▶ Task
Excluding pictures, what does the listing below contain from the line with "Sanitätshaus Klinz Bernburg" up to and including the line with "Amazing Ways to", word for word?

====== Data extract

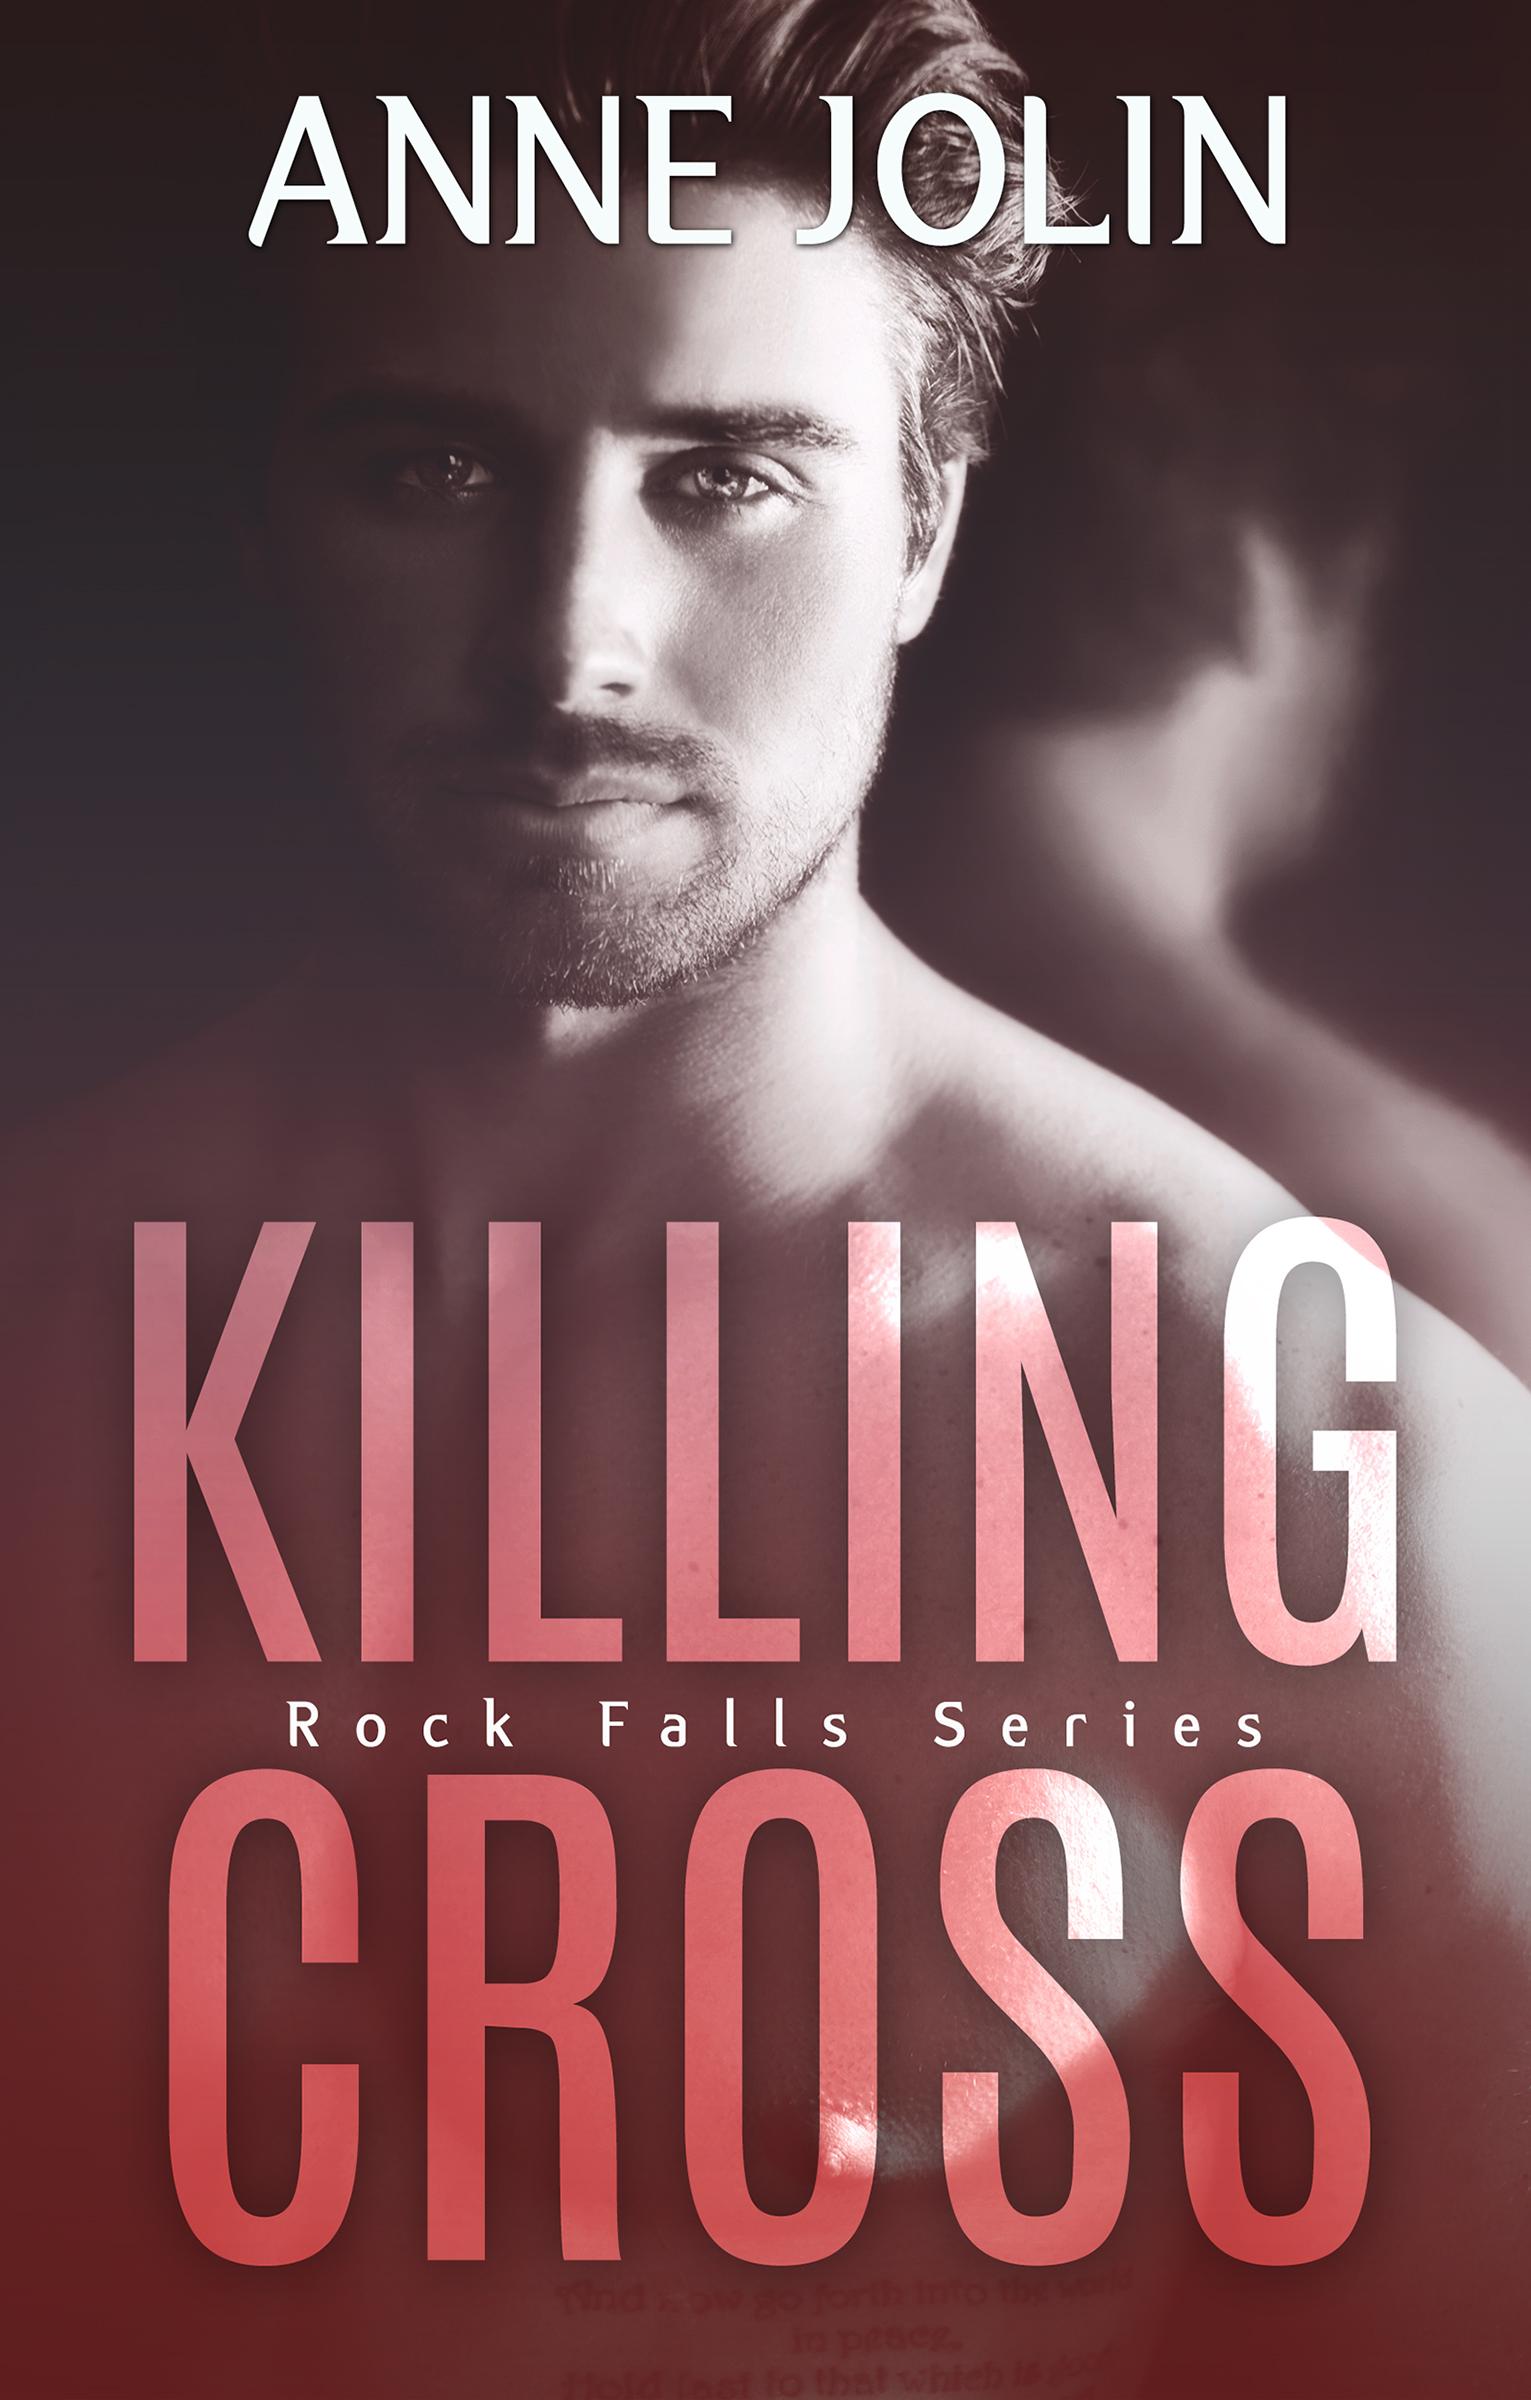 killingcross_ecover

============
====== Data extract

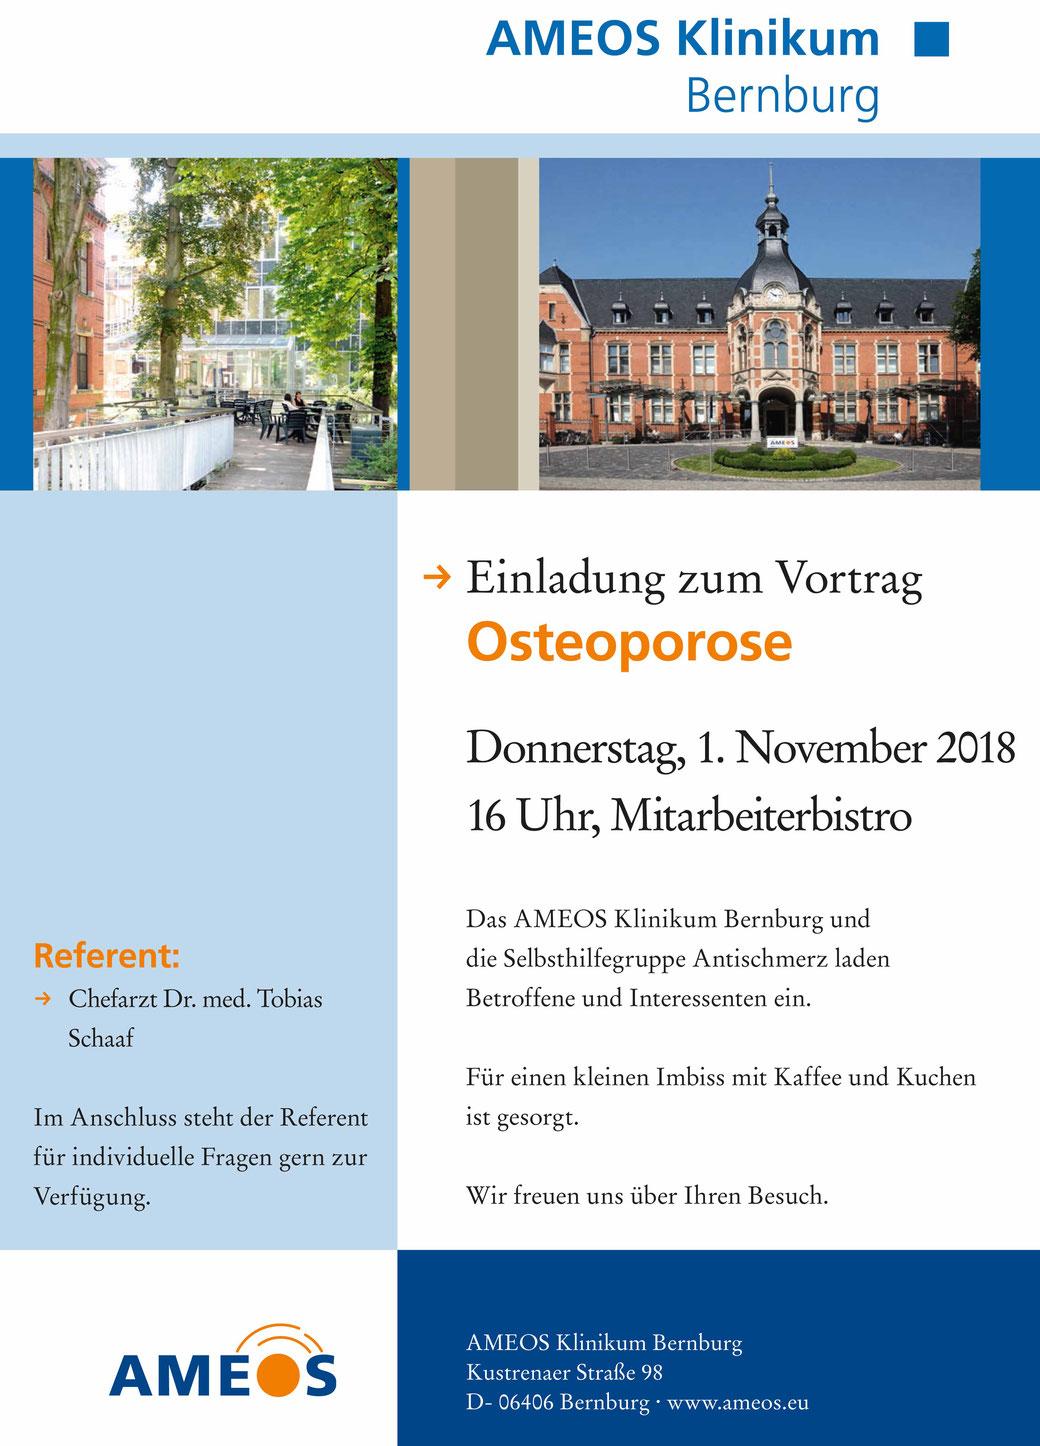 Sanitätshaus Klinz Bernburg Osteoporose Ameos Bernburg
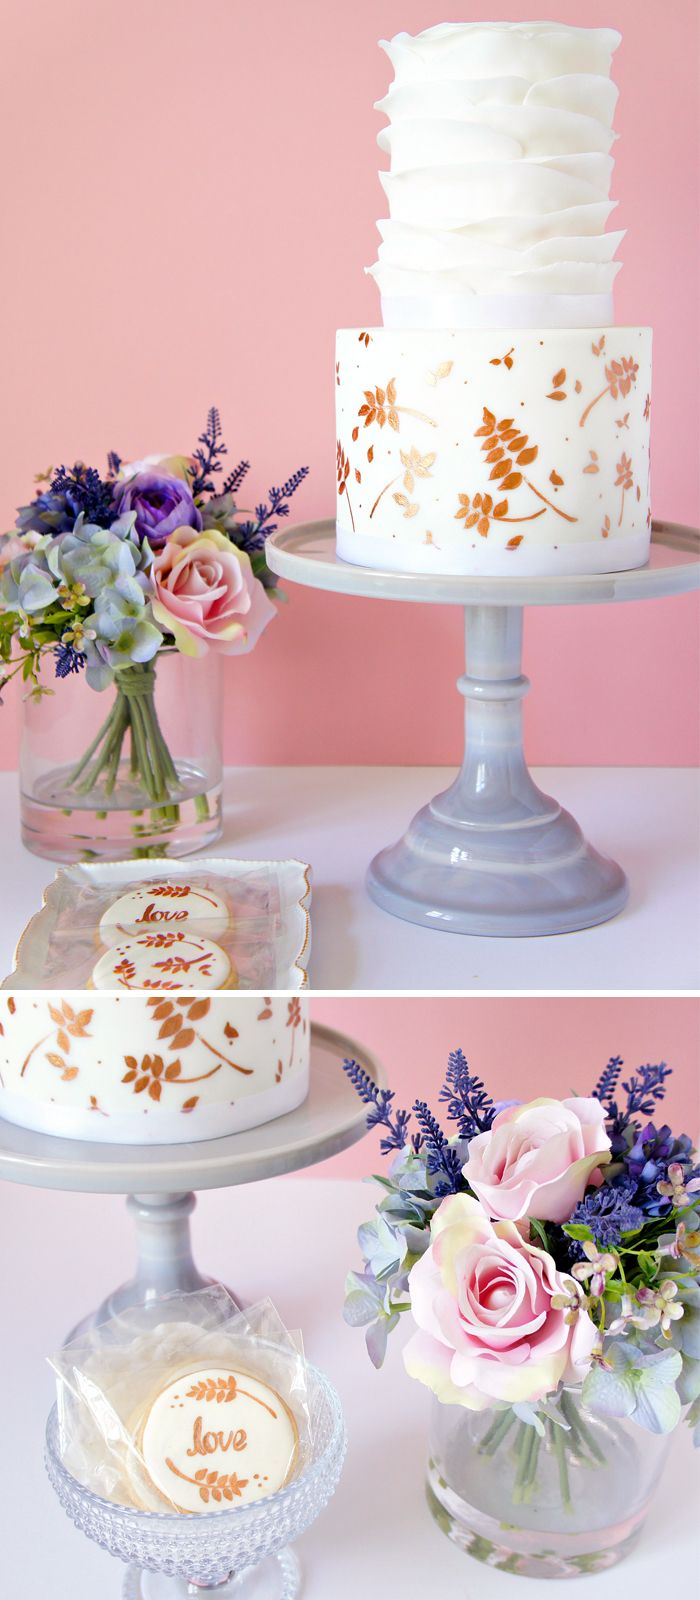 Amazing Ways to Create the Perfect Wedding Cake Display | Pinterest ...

============

▶ Result
 Sanitätshaus Klinz Bernburg Osteoporose Ameos Bernburg
 Amazing Ways to Create the Perfect Wedding Cake Display | Pinterest ...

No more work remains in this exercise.